La crise de l’approvisionnement comme prochain coup
Le secrétaire général de l’ONU a parlé – de manière peu convaincante – de la pénurie d’approvisionnement en engrais et des difficultés de la chaîne d’approvisionnement. Il a évoqué le problème des prix élevés du gaz, qui se répercutent à leur tour sur la production d’engrais azotés, et il a déclaré que l’ammoniac devait être exporté de Russie, et ainsi de suite. Oui, António, c’est devenu compliqué dans ce monde ! On ne trouve pas d’idées pour s’en sortir à l’ONU, et encore moins chez son secrétaire général qui se plaint :
« Ne nous faisons pas d’illusions. Nous naviguons sur une mer agitée. Un hiver de mécontentement mondial se profile à l’horizon. Une crise du coût de la vie fait rage.
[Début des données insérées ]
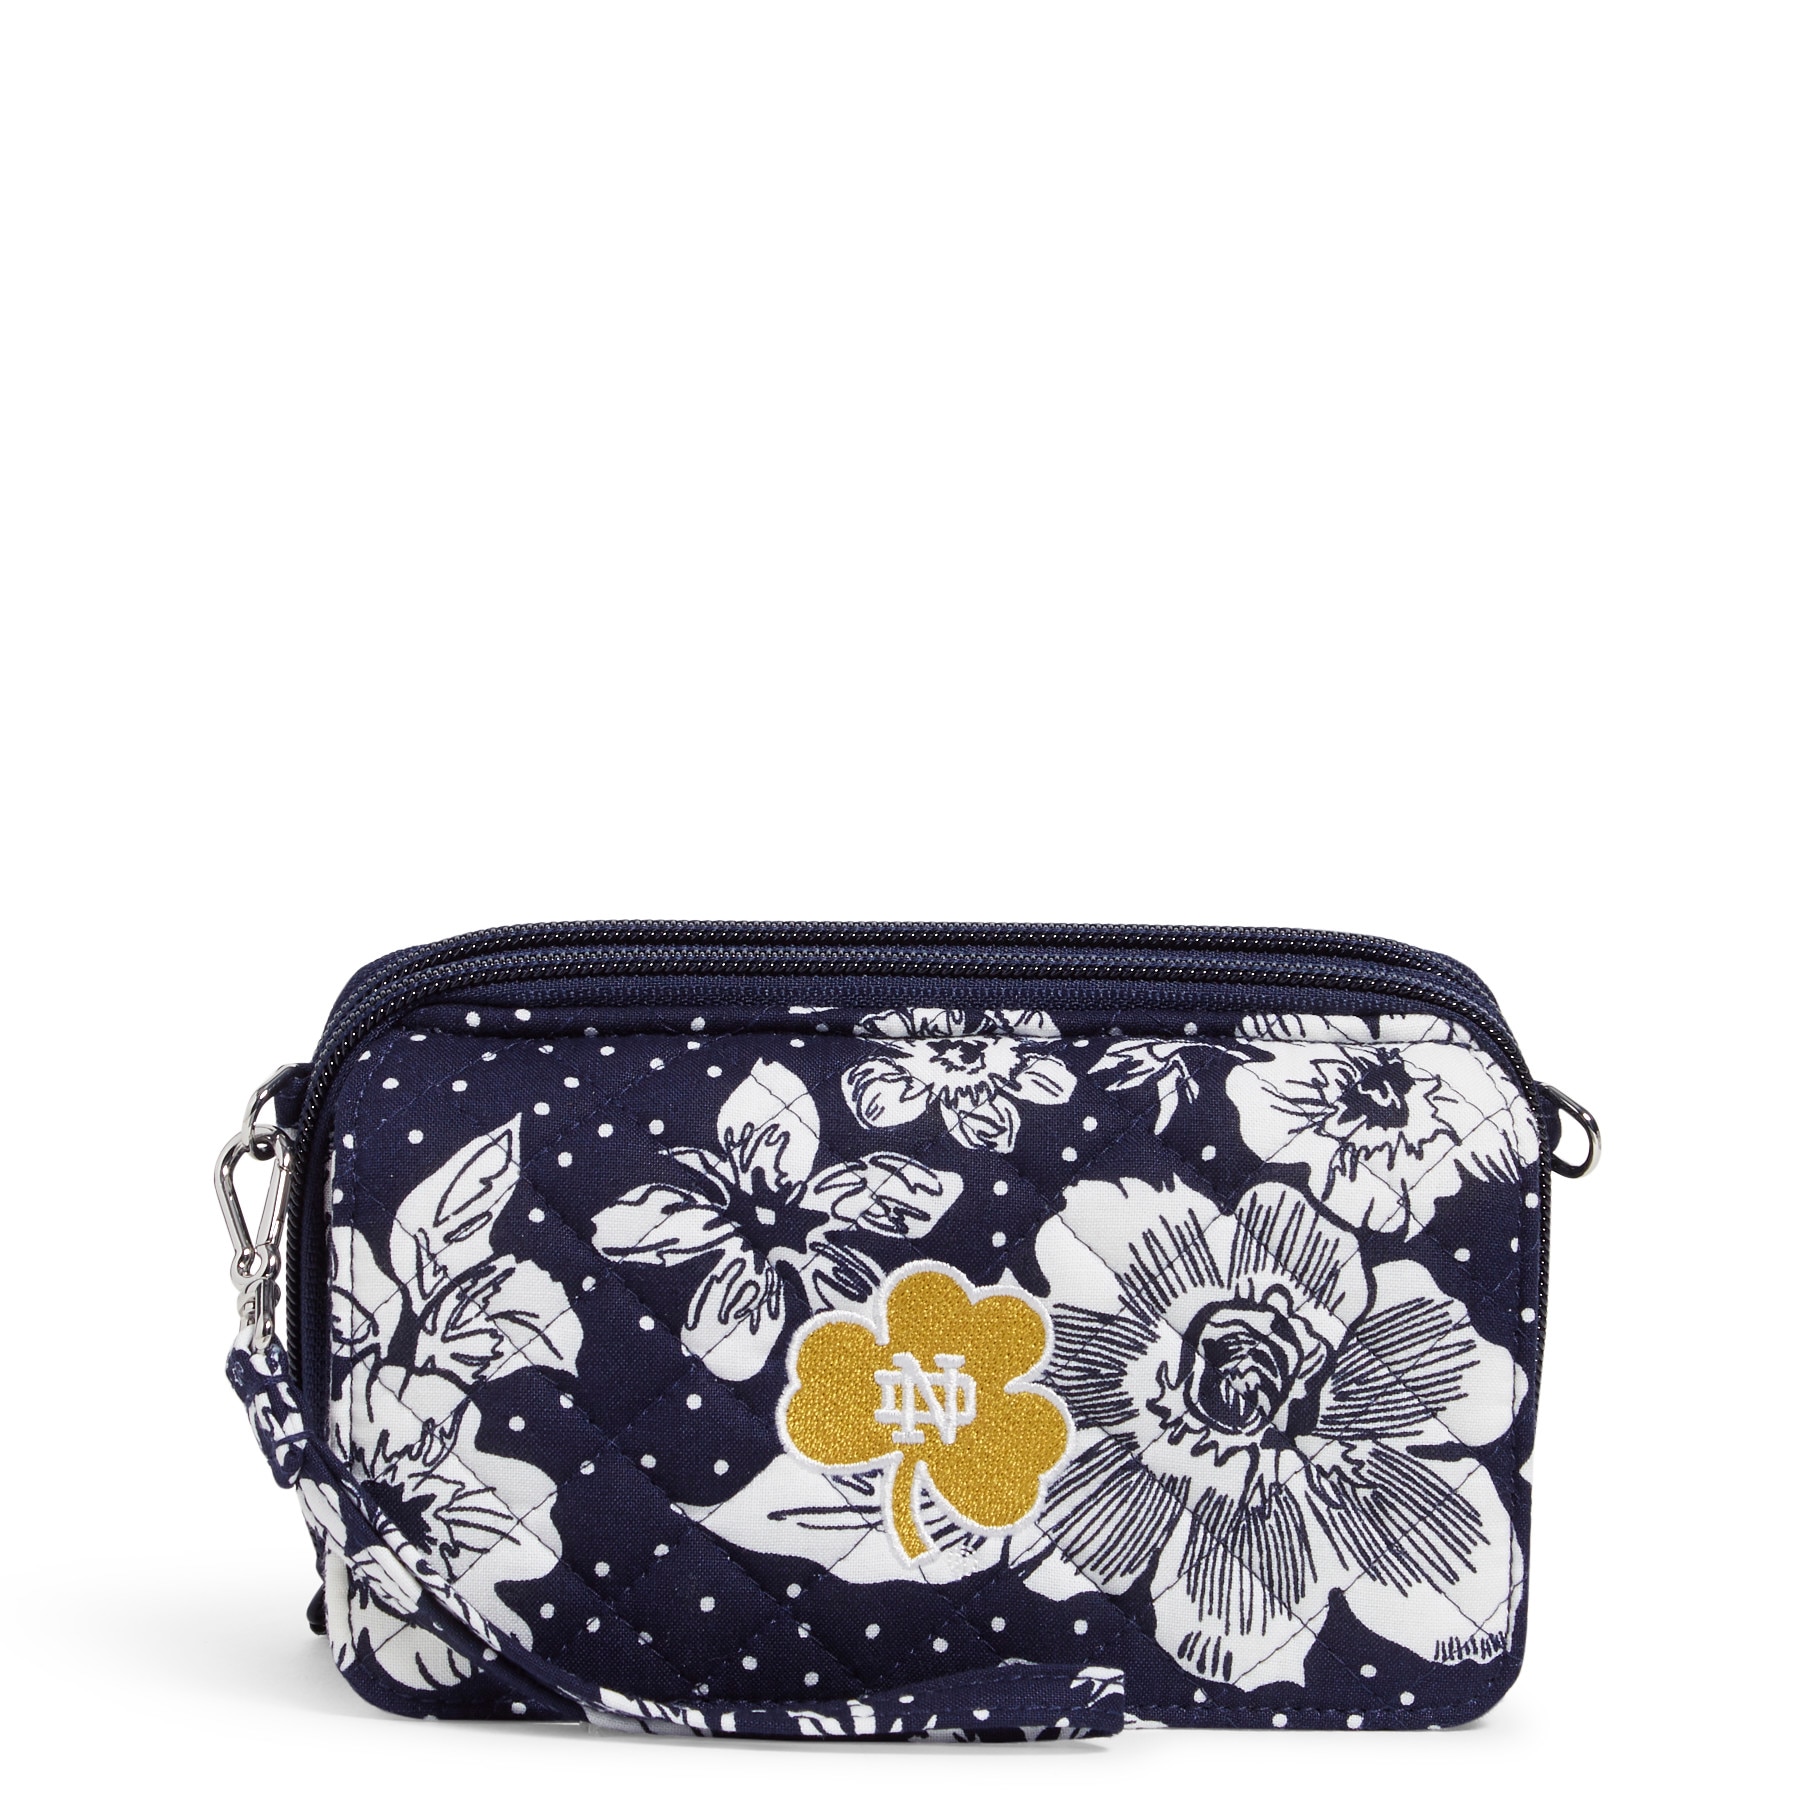 Notre Dame RFID All in One Crossbody

La confiance s’effrite. Les inégalités explosent. La planète est en feu. Les gens souffrent – et les plus vulnérables sont les plus touchés. La Charte des Nations Unies et les idéaux qu’elle porte sont en péril. Nous avons le devoir d’agir. »
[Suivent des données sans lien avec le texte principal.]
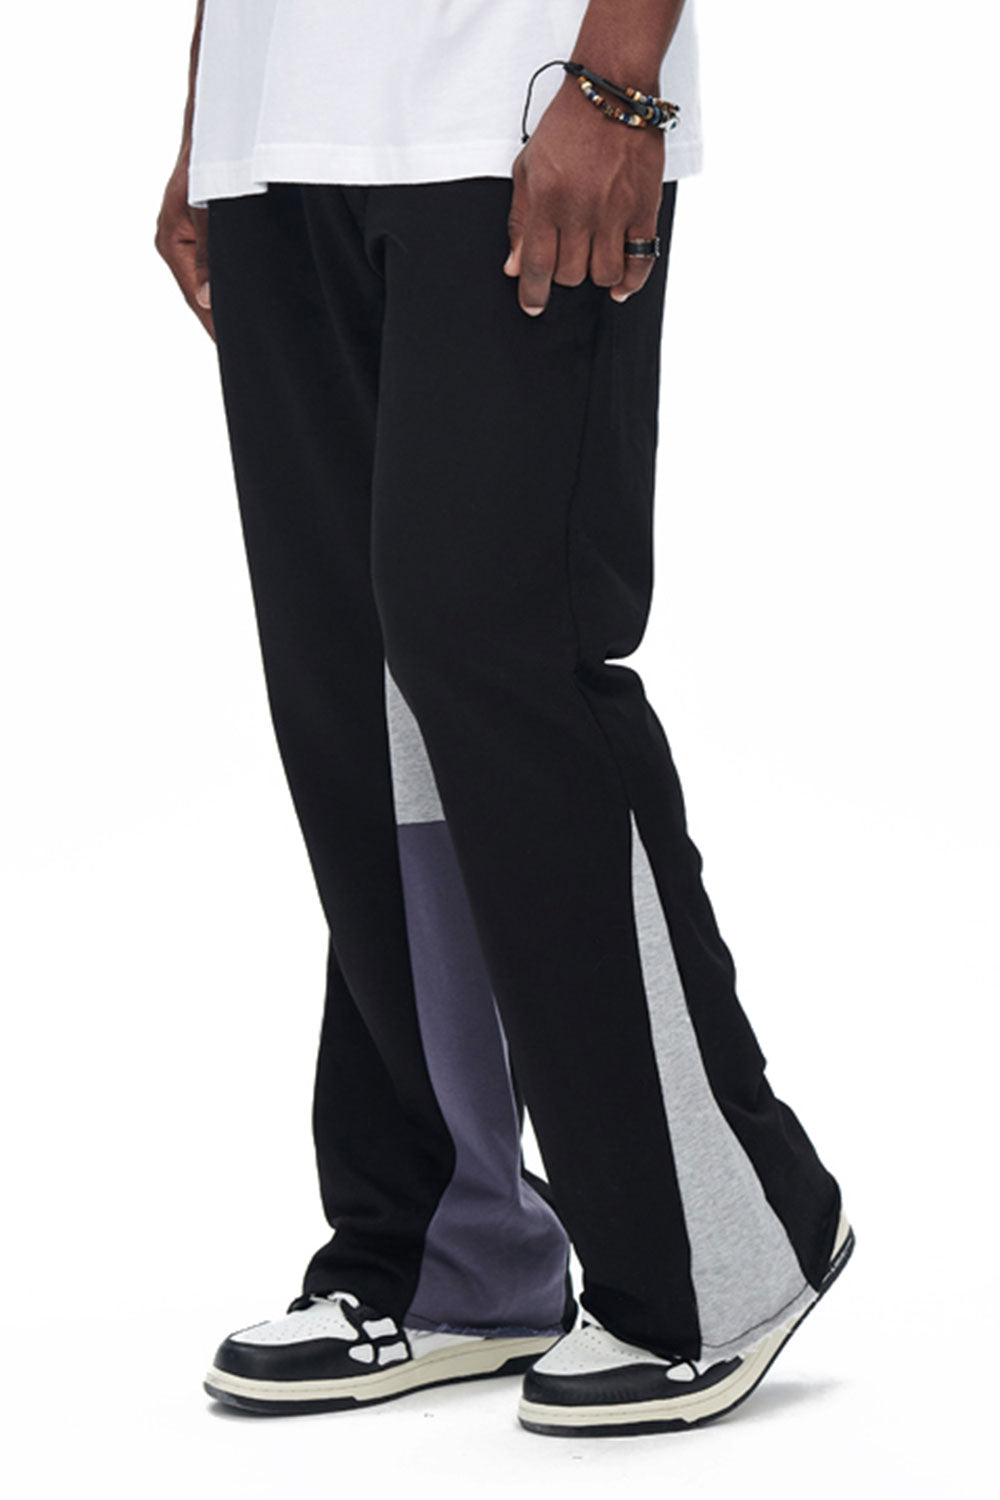 Contrast Bootcut Sweatpant Black For Sale – GINGTTO

La crise de l’approvisionnement est l’accélérateur de troubles sociaux dans les mois à venir. Ce que Guterres doit, c’est une indication impitoyable et ouverte sur les causes de cette crise d’approvisionnement. Ce qu’il ne dit pas, c’est que cette crise de l’approvisionnement ne concerne pas seulement les pays du « Sud global » (Éthiopie, Sahel, Libye, Corne de l’Afrique, etc.) ou les régions en crise comme l’Afghanistan, la Syrie, le Yémen, le Myanmar, etc. mais aussi, de plus en plus, des pays que l’on appelait autrefois « pays industrialisés » ou « pays du premier monde ». Ce dont il ne parle pas, c’est de la coalition malheureuse entre la technostructure et une caste mondiale qui, après la crise financière et la crise de la dette, la crise des migrants, la crise climatique et la crise de la Corona, fait maintenant éclater une crise de l’approvisionnement pour parachever son œuvre de destruction.
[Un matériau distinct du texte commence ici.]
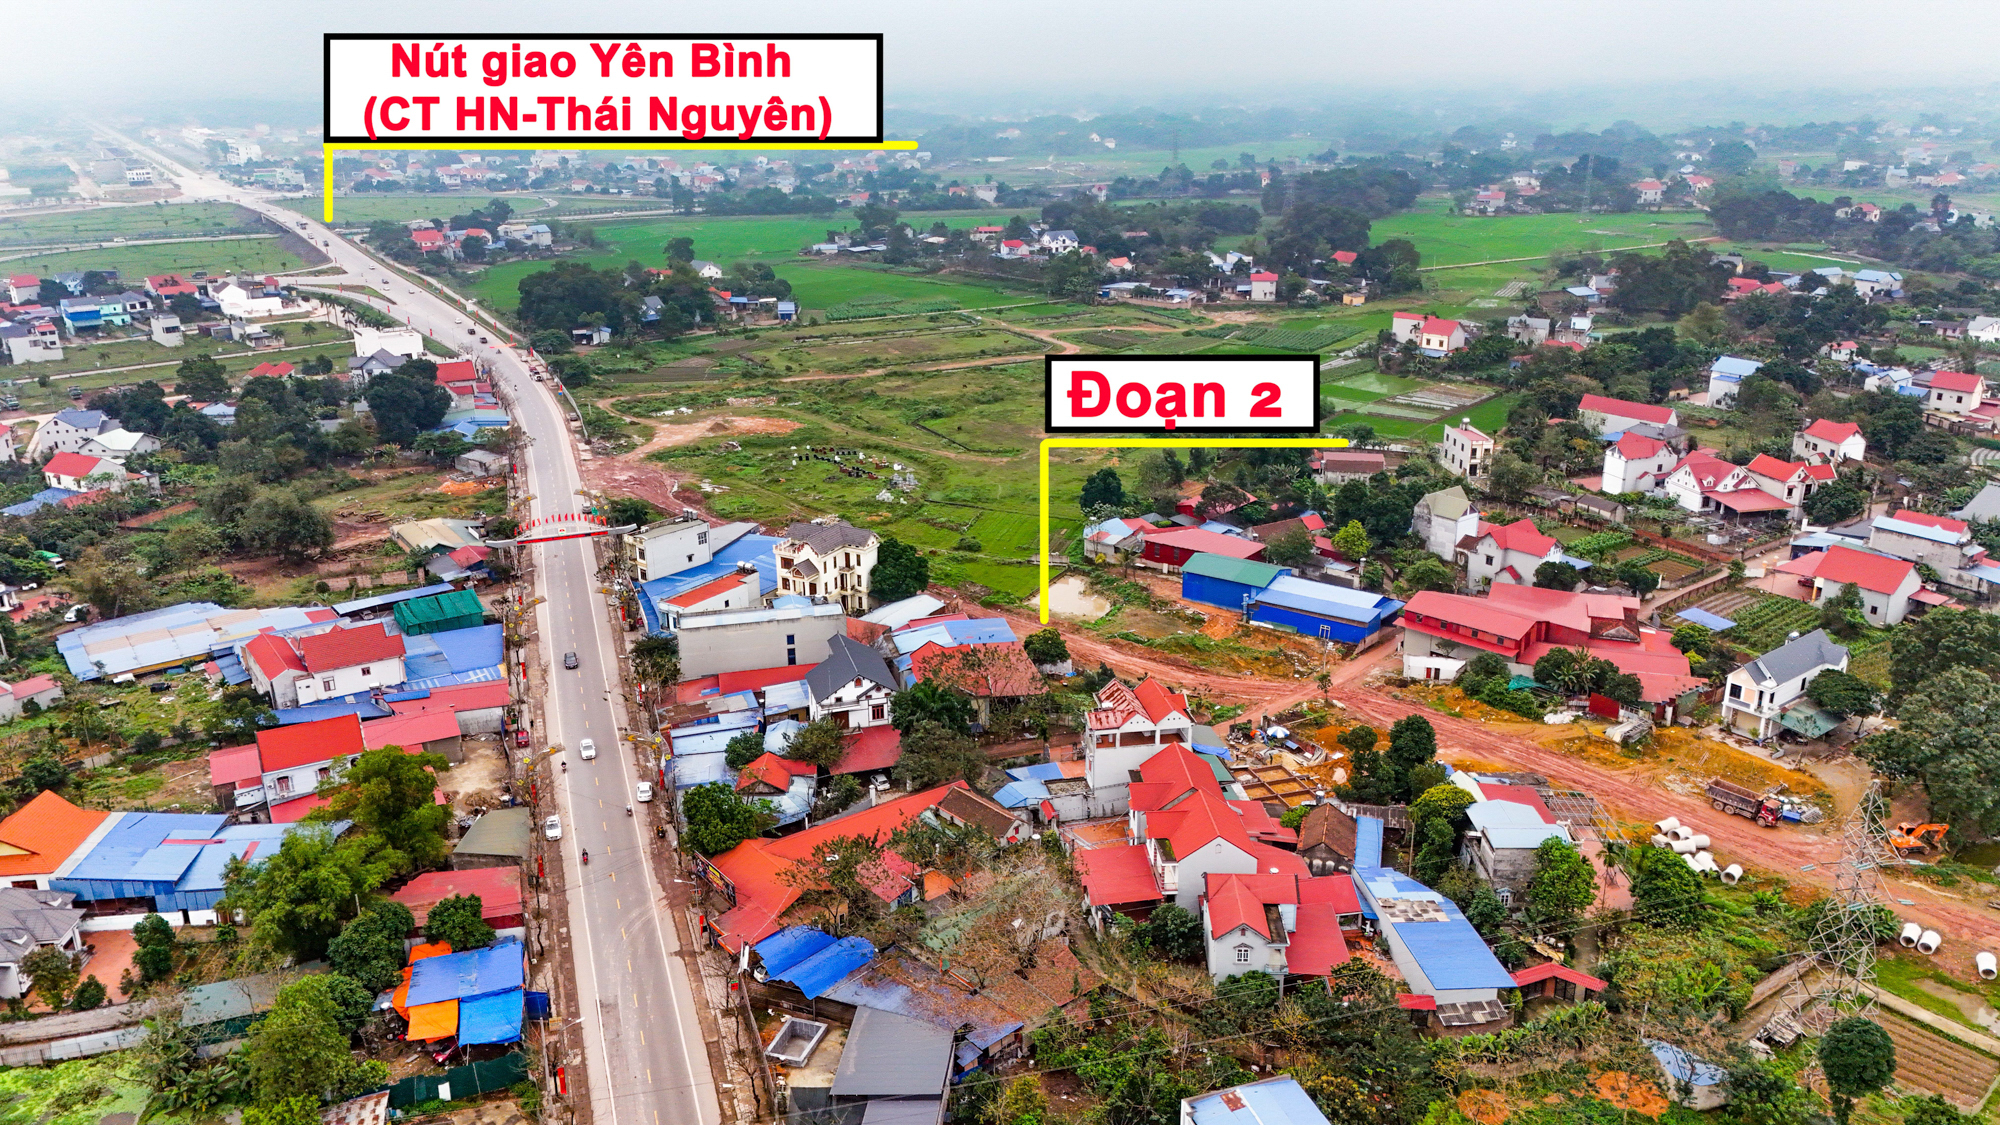 Panorama of the area where a road worth nearly 4.000 billion was built, connecting 3 industrial centers of the North - Photo 5.

Les crises sont faites maison
Pour toutes ces crises, il existe de nombreux moyens éprouvés permettant de les endiguer et de minimiser les dommages pour les citoyens. Il n’y a pas de pénurie d’énergie, il ne devrait donc pas y avoir de crise énergétique ! Il n’y a pas de pénurie de denrées alimentaires, il ne devrait donc pas y avoir de crise d’approvisionnement. A moins que l’on ne veuille à nouveau faire sortir un Cavalier Apocalyptique de son écurie. Cette fois-ci, c’est le cheval noire, si l’on veut s’inspirer de l’Apocalypse.
En effet, les prix des denrées alimentaires dans l’UE ont augmenté en moyenne d’environ 15 % l’année dernière, un niveau jamais atteint auparavant. Les prix des huiles et des graisses alimentaires ont particulièrement évolué, mais aussi ceux d’aliments de base importants comme le pain.[3] En août 2022, le taux d’inflation annuel de la zone euro était de 9,1 % et celui de l’Union européenne de 10,1 %. En tête des facteurs d’inflation incontestés, on trouve les coûts de l’énergie (+38,6%), suivis par les produits alimentaires transformés et non transformés (+10,5%).[4]
L’indice des prix de l’UE pour juillet 2022 montre que le prix du beurre a presque doublé en comparaison annuelle (+81,2%), la viande a augmenté en moyenne d’un bon quart, et pour les céréales, ce sont surtout les prix du blé qui ont explosé. Par rapport à l’année précédente, l’indice des prix à la consommation de l’UE pour le sous-indice alimentaire a augmenté de +13,2 % en juillet 2022.[5]
L’office statistique de l’UE Eurostat vient également de publier une estimation pour 2021 ( !), selon laquelle 21% de la population de l’UE est menacée de pauvreté. Les pays les plus touchés sont la Roumanie (34,4%), la Bulgarie (321,7%), la Grèce (28,3%), l’Espagne (27,8%) et l’Italie (25,2%). La France et l’Allemagne se situent juste en dessous de la moyenne européenne avec 19,3% et 20,7%.[6] Il s’agit toutefois d’estimations pour 2021 ! Si l’on met ces données en relation avec les taux d’inflation actuels, on peut compter sur les doigts qu’une partie critique de la population des États membres ne peut plus se permettre de vivre. En Allemagne également, une étude récente conclut que près de 60% des ménages privés doivent déjà consacrer la totalité de leurs revenus aux dépenses mensuelles.[7]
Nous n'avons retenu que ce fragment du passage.